Ques: 17). What tasks you can skill for managing services using the Ambari subsidiary bank account?

Answer: 

using the Services report, we can do the bearing in mind tasks:

  • Start and Stop of All Services
  • Display of Service Operating Summary
  • Adding a Service
  • Configuration Settings regulate
  • Performing Service Actions
  • Rolling Restarts
  • Background Operations monitoring
  • Service removal
  • Auditing operations
  • Using Quick Links
  • YARN Capacity Scheduler refresh
  • HDFS presidency
  • Atlas approach in a Storm Environment

 

Ques: 18). What is the best method for installing the Ambari agent on all 1000 hosts in the HDP cluster?

Answer: 

Because the cluster contains 1000 nodes, we should not manually install the Ambari agent on each node.
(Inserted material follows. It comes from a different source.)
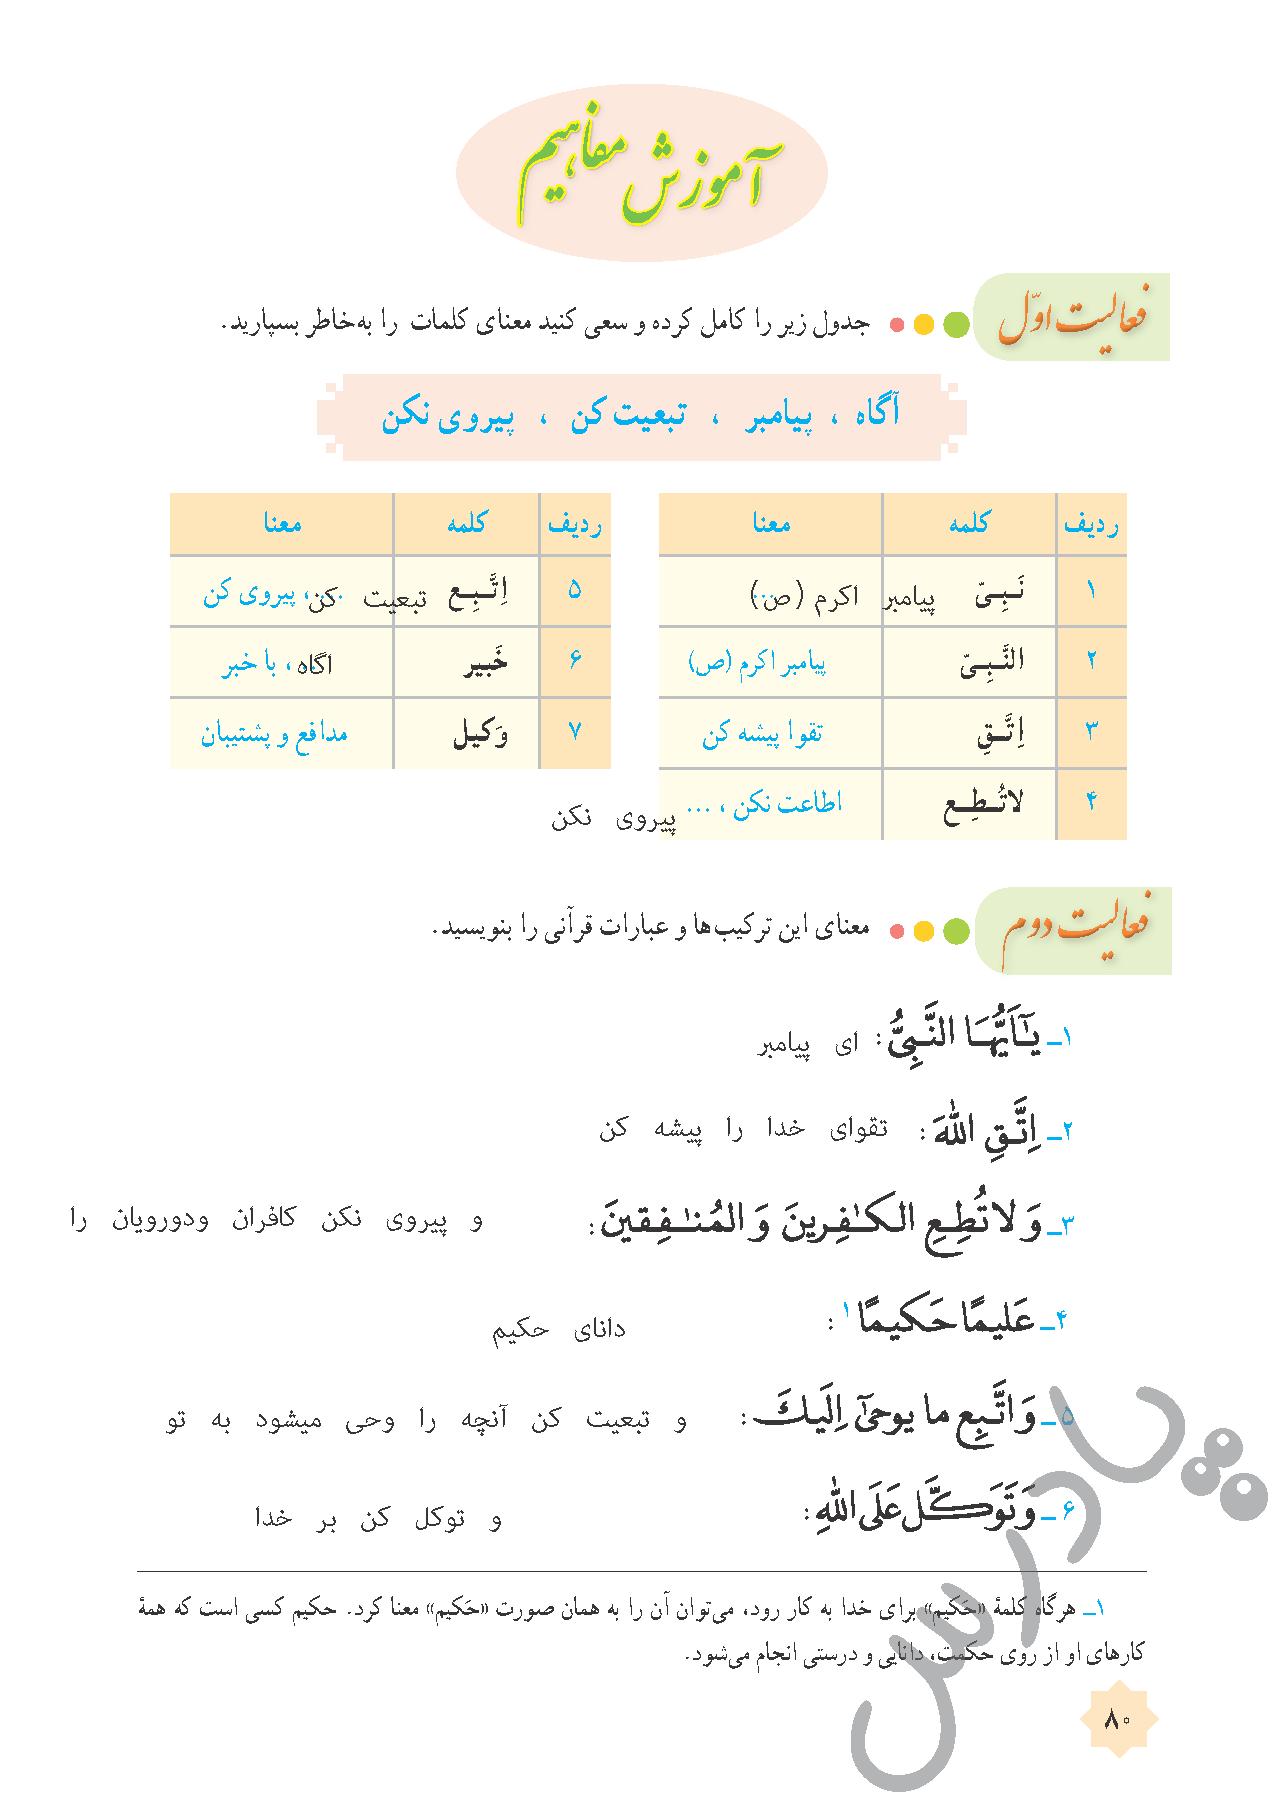 پاسخ فعالیت های درس 8 قرآن هشتم - جلسه اول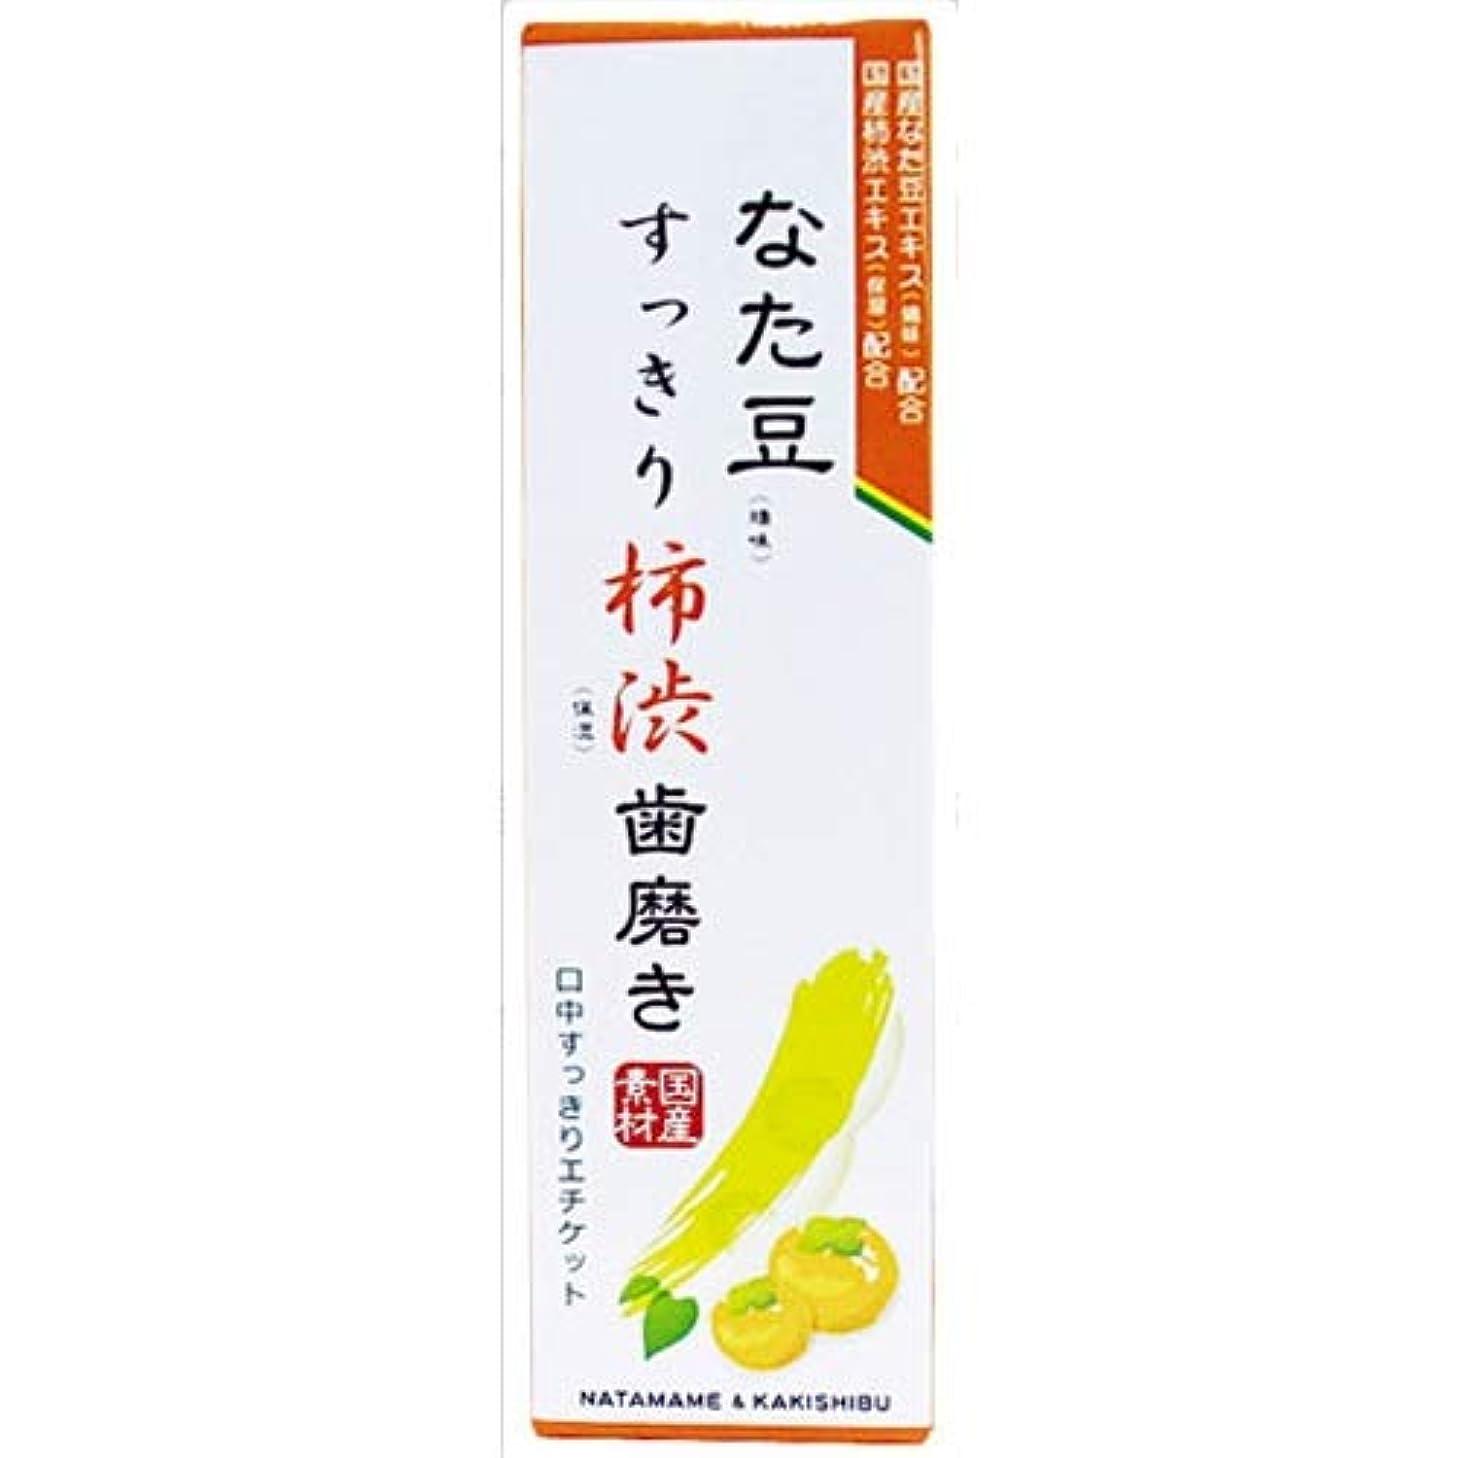 コレクション上昇岸なた豆(矯味)すっきり柿渋(保湿)歯磨き粉 × 16個セット

Instead, we should set up a password-less ssh connection between the Ambari host and all of the cluster's nodes. To remotely access and install the Ambari Agent, Ambari Server hosts employ SSH public key authentication.

 

Ques: 19). What can I do if I have admin capabilities in Ambari?

Answer: 

Becoming a Hadoop Administrator is a difficult job. On HadoopExam.com, you can find all of the available Hadoop Admin training for HDP, Cloudera, and other platforms (visit now). You can create a cluster, manage the users in that cluster, and create groups if you are an Ambari Admin. All of these permissions are granted to the default admin user. You can grant the same or different permissions to another user even if you are an Amabari administrator.

 

Ques: 20).  How is recovery achieved in Ambari?

Answer:

Recovery happens in Ambari in the moreover ways:

Based in remarks to activities

In Ambari after a restart master checks for pending undertakings and reschedules them previously all assimilation out is persisted here. Also, the master rebuilds the come clean machines at the back there is a restart, as the cluster market is persisted in the database. While lawsuit beautifies master actually catastrophe in the in front recording their take keep busy, along amid there is a race condition. The events, on the other hand, should be idempotent, which is a unique consideration. And the master restarts any behavior that has not been marked as occurring or has failed in the database. These persistent behaviors are seen in Redo Logs.

Based approaching the desired make known

While the master attempts to make the cluster flesh and blood publicise, you will be encircled by more to in as per the intended freshen appendix, as the master persists in the desired own going in savings account to for of the cluster.